Records from a dataset:

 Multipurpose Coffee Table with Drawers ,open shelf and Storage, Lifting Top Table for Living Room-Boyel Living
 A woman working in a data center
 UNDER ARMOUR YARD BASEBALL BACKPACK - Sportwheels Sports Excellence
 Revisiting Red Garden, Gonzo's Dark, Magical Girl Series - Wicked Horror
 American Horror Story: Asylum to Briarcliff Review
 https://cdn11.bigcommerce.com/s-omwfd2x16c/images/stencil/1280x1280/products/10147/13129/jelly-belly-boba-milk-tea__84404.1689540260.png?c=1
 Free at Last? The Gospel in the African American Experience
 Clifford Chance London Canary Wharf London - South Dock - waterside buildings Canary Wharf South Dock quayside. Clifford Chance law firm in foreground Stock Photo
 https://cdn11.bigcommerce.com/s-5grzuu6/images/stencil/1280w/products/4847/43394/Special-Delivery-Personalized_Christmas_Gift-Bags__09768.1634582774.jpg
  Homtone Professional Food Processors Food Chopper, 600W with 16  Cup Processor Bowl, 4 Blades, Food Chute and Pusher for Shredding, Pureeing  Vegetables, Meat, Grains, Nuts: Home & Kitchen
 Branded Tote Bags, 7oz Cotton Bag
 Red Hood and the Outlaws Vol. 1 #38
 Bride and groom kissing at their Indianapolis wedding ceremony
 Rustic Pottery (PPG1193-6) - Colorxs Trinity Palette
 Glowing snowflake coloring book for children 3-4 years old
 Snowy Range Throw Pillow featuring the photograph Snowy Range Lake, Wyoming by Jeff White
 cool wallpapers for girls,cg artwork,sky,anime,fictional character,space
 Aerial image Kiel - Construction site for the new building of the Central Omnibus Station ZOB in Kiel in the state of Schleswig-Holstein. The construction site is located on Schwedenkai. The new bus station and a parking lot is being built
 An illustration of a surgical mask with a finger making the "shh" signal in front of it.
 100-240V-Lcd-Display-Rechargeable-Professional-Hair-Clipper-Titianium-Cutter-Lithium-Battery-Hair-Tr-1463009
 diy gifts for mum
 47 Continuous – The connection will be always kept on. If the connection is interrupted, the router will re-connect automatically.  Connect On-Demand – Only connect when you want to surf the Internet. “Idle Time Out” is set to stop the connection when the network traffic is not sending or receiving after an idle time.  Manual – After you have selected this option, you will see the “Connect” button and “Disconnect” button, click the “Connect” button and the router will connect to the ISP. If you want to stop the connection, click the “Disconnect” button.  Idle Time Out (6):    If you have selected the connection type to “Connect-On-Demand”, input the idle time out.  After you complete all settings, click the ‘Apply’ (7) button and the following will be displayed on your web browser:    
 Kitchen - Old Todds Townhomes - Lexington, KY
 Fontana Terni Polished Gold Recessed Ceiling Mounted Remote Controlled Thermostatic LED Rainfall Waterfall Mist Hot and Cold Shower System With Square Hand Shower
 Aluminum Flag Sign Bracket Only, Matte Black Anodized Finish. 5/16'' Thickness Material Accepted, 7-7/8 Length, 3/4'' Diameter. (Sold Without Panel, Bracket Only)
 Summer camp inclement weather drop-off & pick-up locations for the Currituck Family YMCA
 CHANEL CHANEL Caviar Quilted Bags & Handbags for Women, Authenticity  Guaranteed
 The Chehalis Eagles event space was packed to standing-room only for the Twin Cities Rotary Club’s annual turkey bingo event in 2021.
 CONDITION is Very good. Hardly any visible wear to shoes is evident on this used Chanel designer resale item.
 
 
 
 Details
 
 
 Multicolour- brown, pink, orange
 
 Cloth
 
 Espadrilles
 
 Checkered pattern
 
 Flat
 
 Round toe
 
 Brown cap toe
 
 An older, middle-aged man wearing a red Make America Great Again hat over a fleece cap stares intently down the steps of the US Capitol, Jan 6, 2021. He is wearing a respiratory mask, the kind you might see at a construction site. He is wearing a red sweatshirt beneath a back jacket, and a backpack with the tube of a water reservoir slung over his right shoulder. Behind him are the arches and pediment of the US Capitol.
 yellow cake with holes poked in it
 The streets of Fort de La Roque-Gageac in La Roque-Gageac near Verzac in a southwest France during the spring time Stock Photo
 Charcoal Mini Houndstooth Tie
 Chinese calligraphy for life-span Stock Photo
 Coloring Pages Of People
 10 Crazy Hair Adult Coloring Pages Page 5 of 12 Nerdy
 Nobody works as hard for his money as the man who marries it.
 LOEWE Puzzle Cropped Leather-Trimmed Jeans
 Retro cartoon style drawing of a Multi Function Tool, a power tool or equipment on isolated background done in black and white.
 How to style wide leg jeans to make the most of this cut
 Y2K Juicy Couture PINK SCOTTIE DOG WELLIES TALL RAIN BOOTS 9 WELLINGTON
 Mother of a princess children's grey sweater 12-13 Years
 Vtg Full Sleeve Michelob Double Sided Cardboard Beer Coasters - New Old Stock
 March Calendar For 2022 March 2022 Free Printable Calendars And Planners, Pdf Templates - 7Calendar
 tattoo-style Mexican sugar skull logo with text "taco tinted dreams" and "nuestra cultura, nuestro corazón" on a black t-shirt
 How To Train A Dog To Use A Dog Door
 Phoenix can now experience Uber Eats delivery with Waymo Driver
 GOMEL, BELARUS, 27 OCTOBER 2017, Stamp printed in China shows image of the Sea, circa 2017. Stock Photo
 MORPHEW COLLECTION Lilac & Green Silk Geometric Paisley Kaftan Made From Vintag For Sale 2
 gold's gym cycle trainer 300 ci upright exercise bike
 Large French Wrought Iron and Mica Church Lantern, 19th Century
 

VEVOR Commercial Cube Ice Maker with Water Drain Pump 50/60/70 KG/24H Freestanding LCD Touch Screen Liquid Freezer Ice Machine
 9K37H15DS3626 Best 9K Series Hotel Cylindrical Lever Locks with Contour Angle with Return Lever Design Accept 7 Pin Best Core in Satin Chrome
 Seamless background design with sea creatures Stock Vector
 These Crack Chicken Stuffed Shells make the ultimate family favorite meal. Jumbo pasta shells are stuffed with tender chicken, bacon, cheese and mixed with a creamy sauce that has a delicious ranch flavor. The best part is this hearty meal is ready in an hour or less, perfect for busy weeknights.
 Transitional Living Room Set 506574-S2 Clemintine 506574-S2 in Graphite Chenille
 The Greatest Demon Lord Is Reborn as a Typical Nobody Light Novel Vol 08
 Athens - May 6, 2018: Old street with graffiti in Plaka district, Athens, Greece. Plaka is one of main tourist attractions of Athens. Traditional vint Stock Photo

TASK STATEMENT:
Find the word "Series" in the entries above, then copy each line that holds it.

OUTPUT:
 Revisiting Red Garden, Gonzo's Dark, Magical Girl Series - Wicked Horror
 9K37H15DS3626 Best 9K Series Hotel Cylindrical Lever Locks with Contour Angle with Return Lever Design Accept 7 Pin Best Core in Satin Chrome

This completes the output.